Empirical Validation:

• We validated each component through ablations (Fig. 5(a) in our paper), which show that removing any single objective leads to a drop in performance.
• To further illustrate the role of each component, we added additional analytical experiments. While figures cannot be included in this rebuttal, we report three key metrics aligned with our distillation objectives: (1) Correlation between RGB features and depth (↑ 257%) — indicates how well the student captures 3D spatial structure., (2) Temporal difference (↑ 57.6%) — reflects the ability to capture dynamic information over time, and (3) Action std (↓ 19.1%) — measures policy stability.

We believe that theoretical support also boosts the explanation, which is an interesting future direction but is not currently our focus.

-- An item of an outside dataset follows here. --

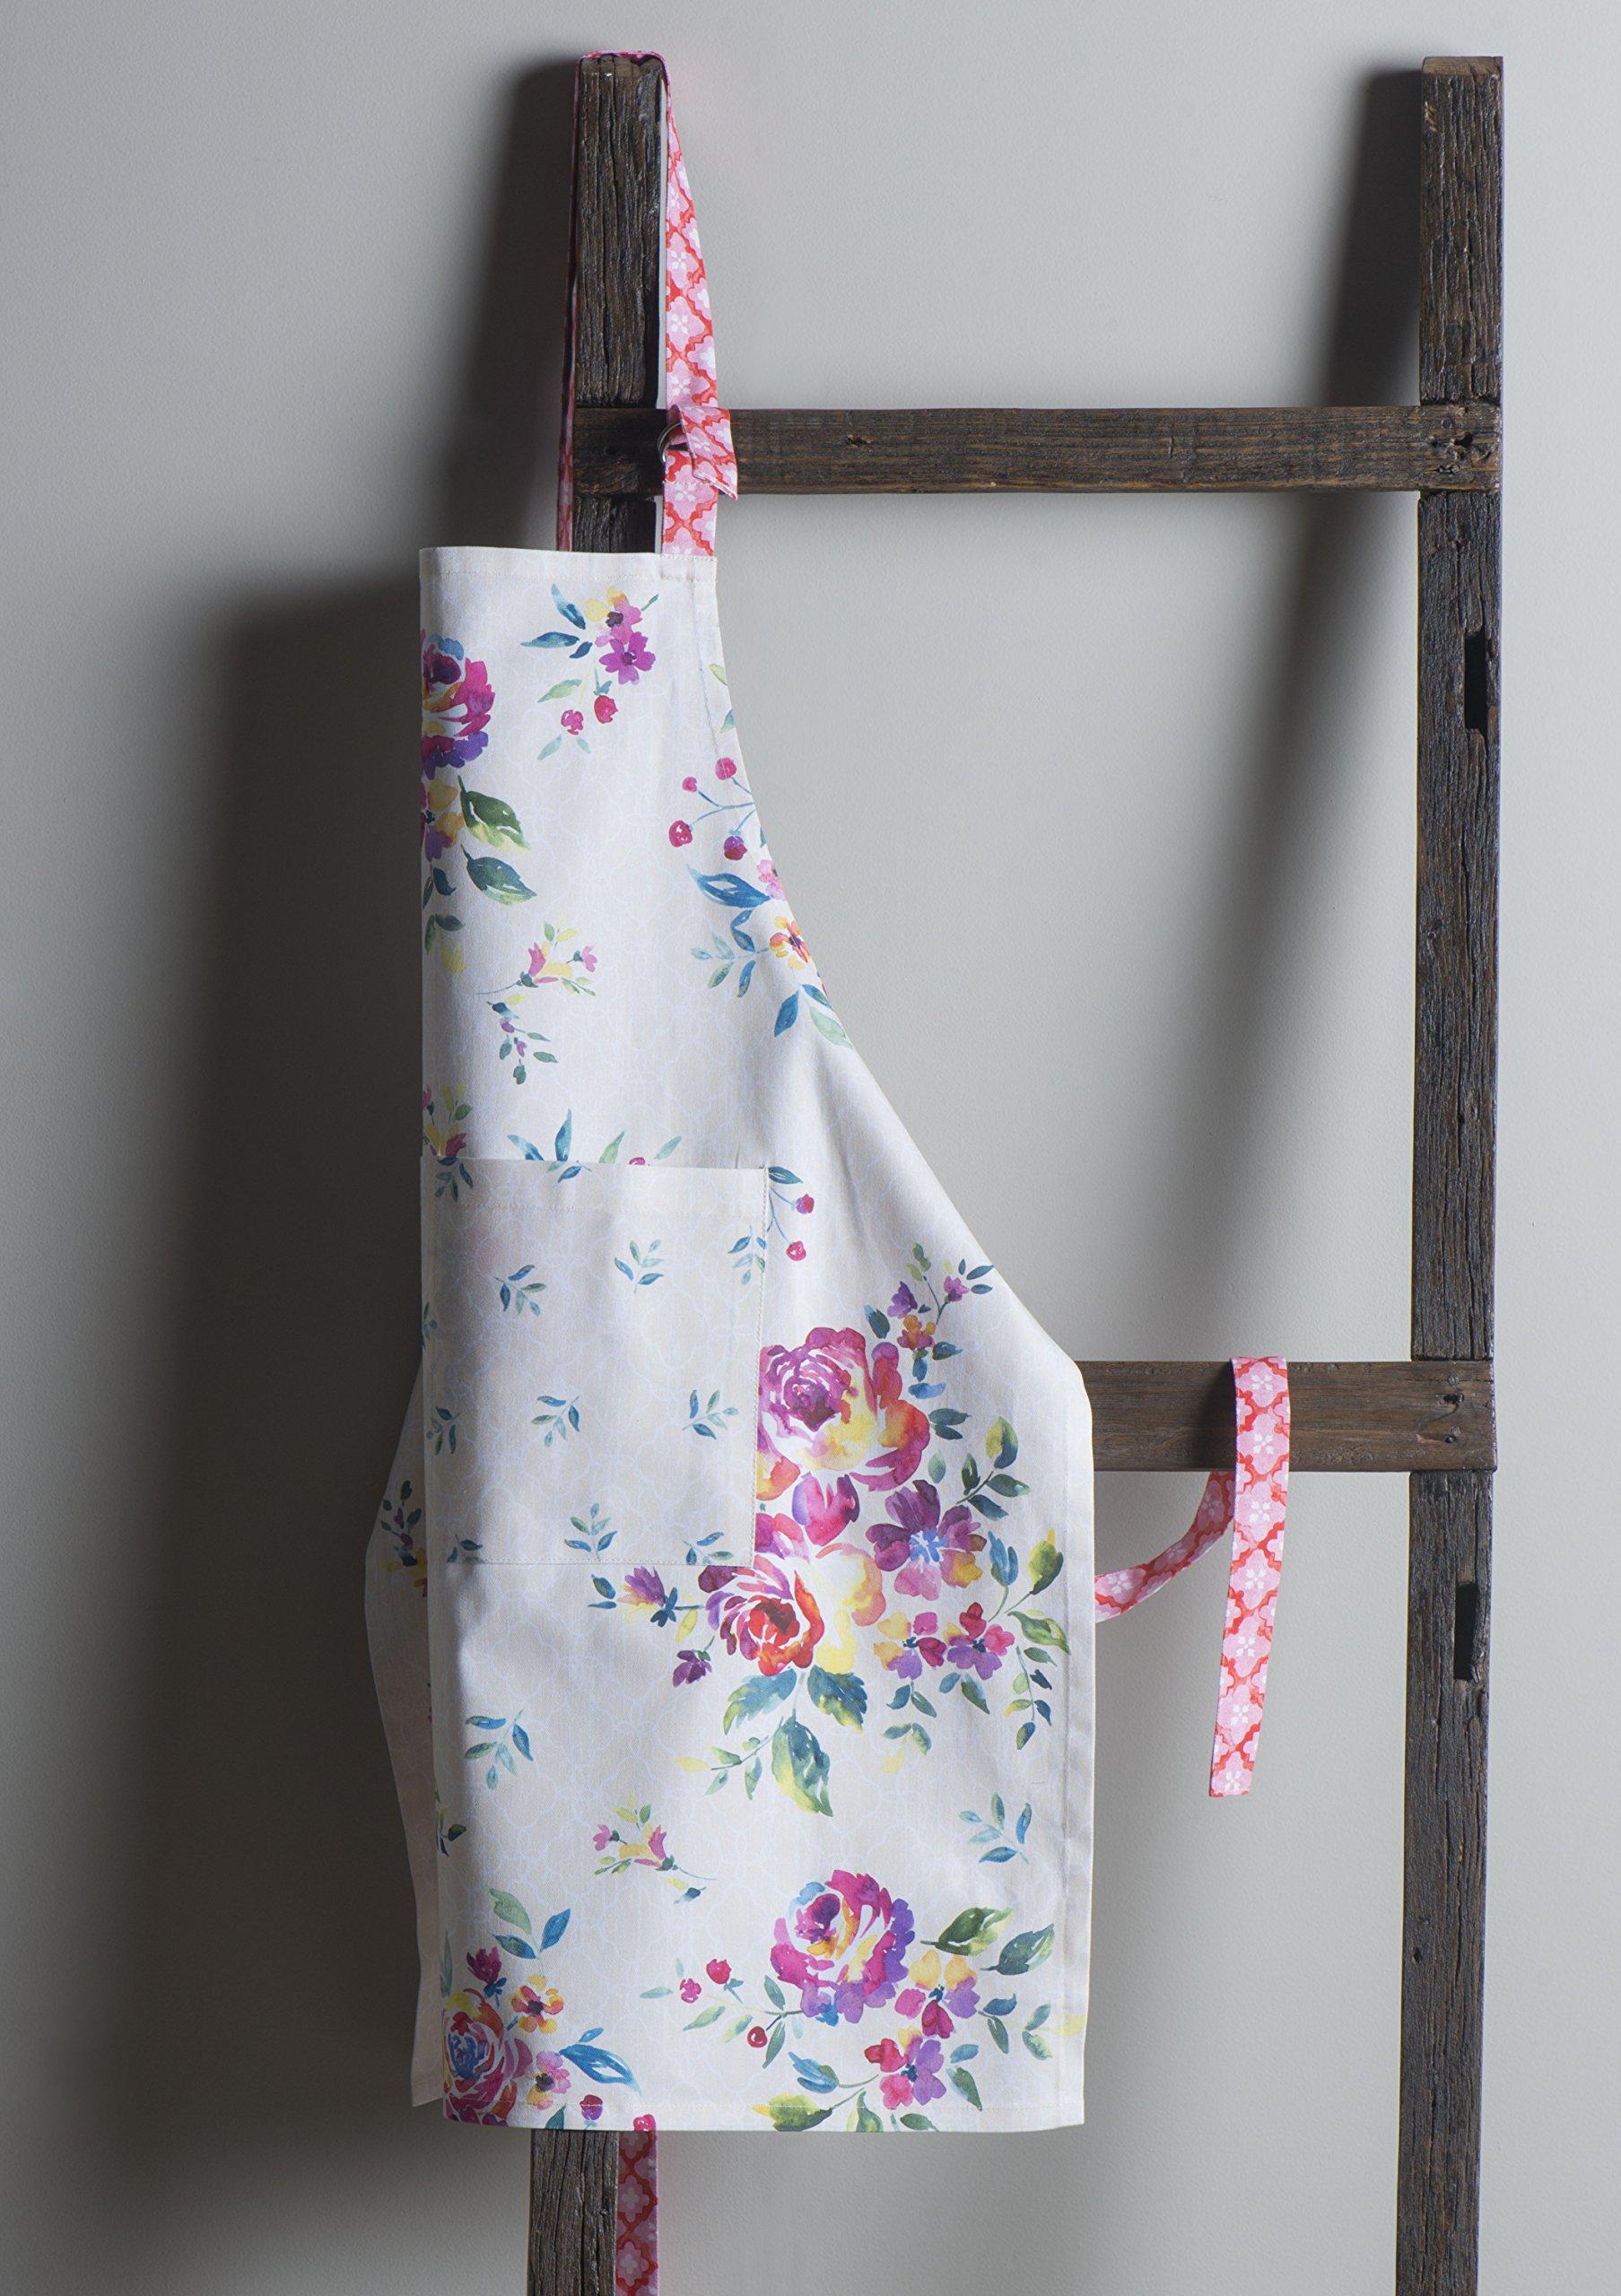 Maison d' Hermine Rose Garden 100% Cotton Apron with an adjustable neck & Visible center pocket 27.50 Inch by 31.50 Inch by Maison d' Hermine (Image #7)

[1] Lin J et al. TSM. ICCV, 2019

[2] Pan J et al. ST-Adapter. NeurIPS, 2022

[3] Wang M et al. A multimodal, multi-task adapting framework for video action recognition. AAAI, 2024

[4] Jin Y et al. Multi-level logit distillation. CVPR, 2023

[5] Li M et al. Correlation-decoupled knowledge distillation for multimodal sentiment analysis with incomplete modalities. CVPR, 2024

Although the results are consistent across tasks, the absolute performance gains are often modest. For instance, on Meta-World, MonoLift achieves 87.8% vs 83.2% for the best 3D baseline-a meaningful but not transformative improvement. The gains over RGB-only methods are more substantial but vary significantly across tasks, suggesting limited robustness.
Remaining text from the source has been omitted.